I always cringe when I stumble across accusations of ethnic self-hated, which generally consist of the accuser taking the acusee's words completely out of context and twisting them beyond recognition.
But what if a word hated itself? Now that would be fascinating!
Well, the word "snob" takes being an auto-antonym to a seemingly impossible extreme. While your traditional auto-antonym simply contradicts itself (by containing multitudes, Walt Whitman-style), the word snob loathes its origins more heartily than even a guilt-ridden reformed snob might.
You see, my Compact O.E.D. doesn't list the current use of snob until definition 3d:
One who despises those who are considered inferior in rank, attainment, or taste.
Now, if for some unimaginable reason you were compelled to write in the distinctive style of dictionary definitions, how might you describe the object of a snob's scorn? As "a person belonging to the ordinary or lower classes of society"? As "one who has little or no breeding or good taste"?

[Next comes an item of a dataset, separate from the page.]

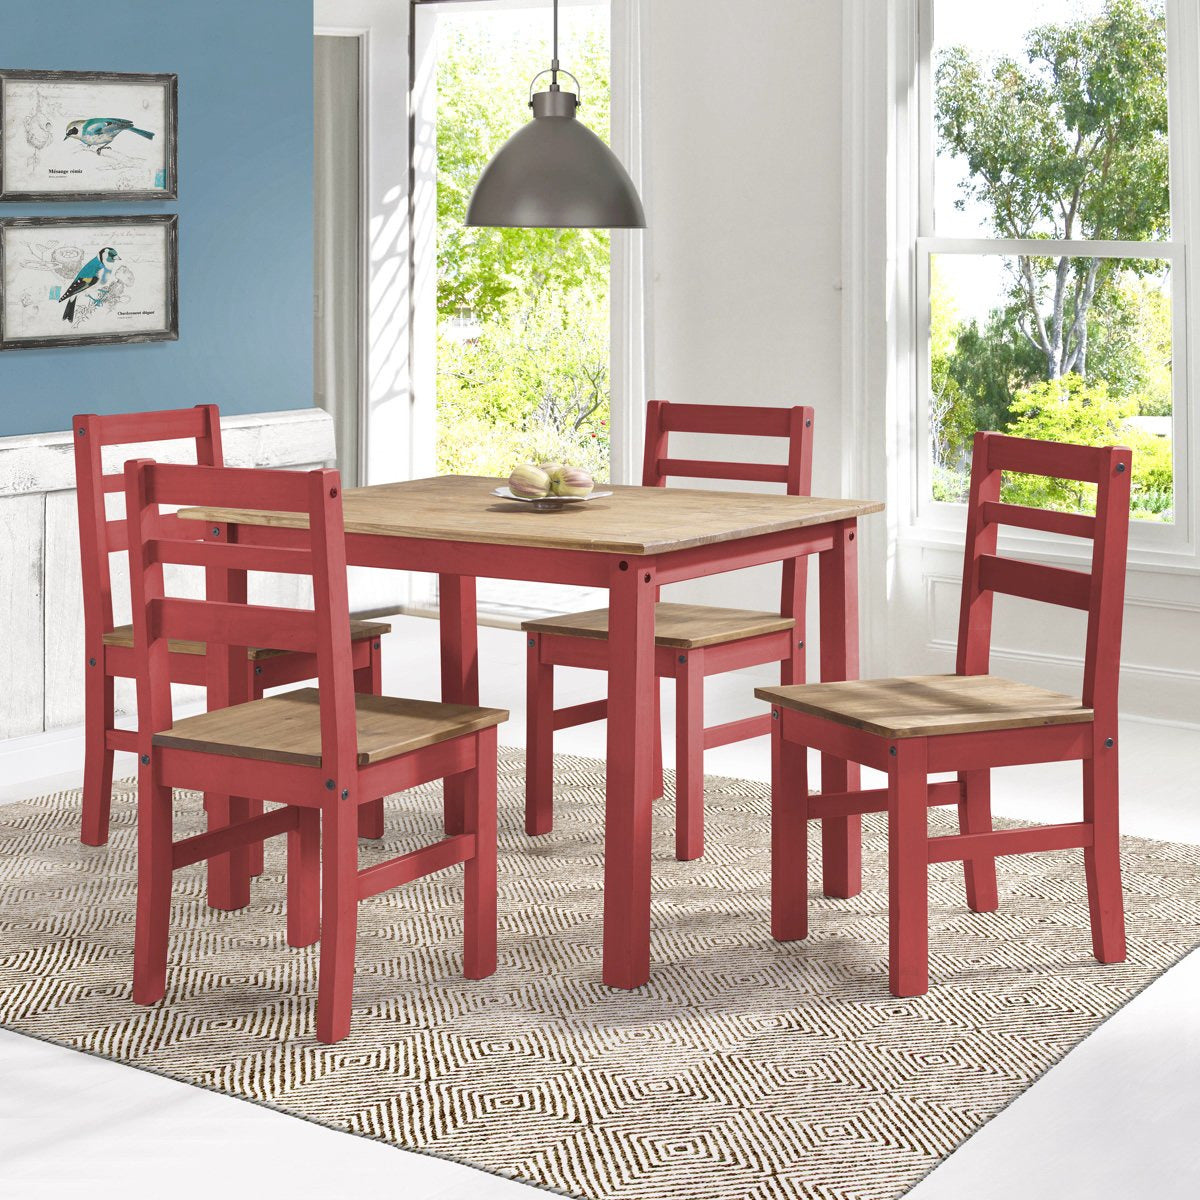 Manhattan Comfort Maiden 5-Piece Solid Wood Dining Set with 1 Table and 4 Chairs in Red Wash-Minimal & Modern

That's precisely what I thought you'd say! And, believe it or not, those are snob's definitions 3a and 3b, respectively. Poor snob—trapped in the dictionary, one of its definitions hating two others. But how did this happen?
Well, the O.E.D. provides seemingly unrelated entries for definitions 1a ("a shoemaker or cobbler") and 1b ("the last sheep to be sheared"), but definition 2 holds some potential relevance for the self-loathing plight of snob: Apparently the word was used around the campus of Cambridge from 1796 to at least 1865 to describe (scornfully, of course), townspeople who were not studying at the university.
Thus, the "ordinary" person that definition 3a contrasts with ranked gentry could have been a synechdochal evolution of the contrast between the Cambridge locals and its supercillious students. But there's no verifying this theory, especially in light of the following:
A) The distinct possibility that the lower-class definition of snob came from an abbreviation of the Latin sine nobilitate, as AskOxford's linguistic faqs explain.
B) The implied etymology of the O.E.D.'s first citation for the ordinary-person definition of snob: In July 1831, the Lincoln Herald wrote, "The nobs have lost their dirty seats—the honest snobs have got 'em." Indeed, "nob" has a slang entry as "a person of some wealth or social distinction," and the transition from nob to its antonym snob is almost too simple.
The transition from snob meaning "commoner" to snob meaning "one who hates commoners," however, is somewhat more subtle. In 1848 Willian Thackeray popularized the word snob with The Book of Snobs, which classifies a snob as "he who meanly admires mean things."
How Thackeray came to this definition is a mystery to me, but he clearly specifies that it's "a great mistake to [...] think [Snobs] exist among the lower classes merely." According to Thackeray, "A great per-centage of Snobs [...] is to be found in every rank of this mortal life" (page 3).
So there you have it. The word snob hates itself, and owes it all to Thackeray, who quite perfectly calls himself one repeatedly throughout the book that started all this etymologic self-loathing.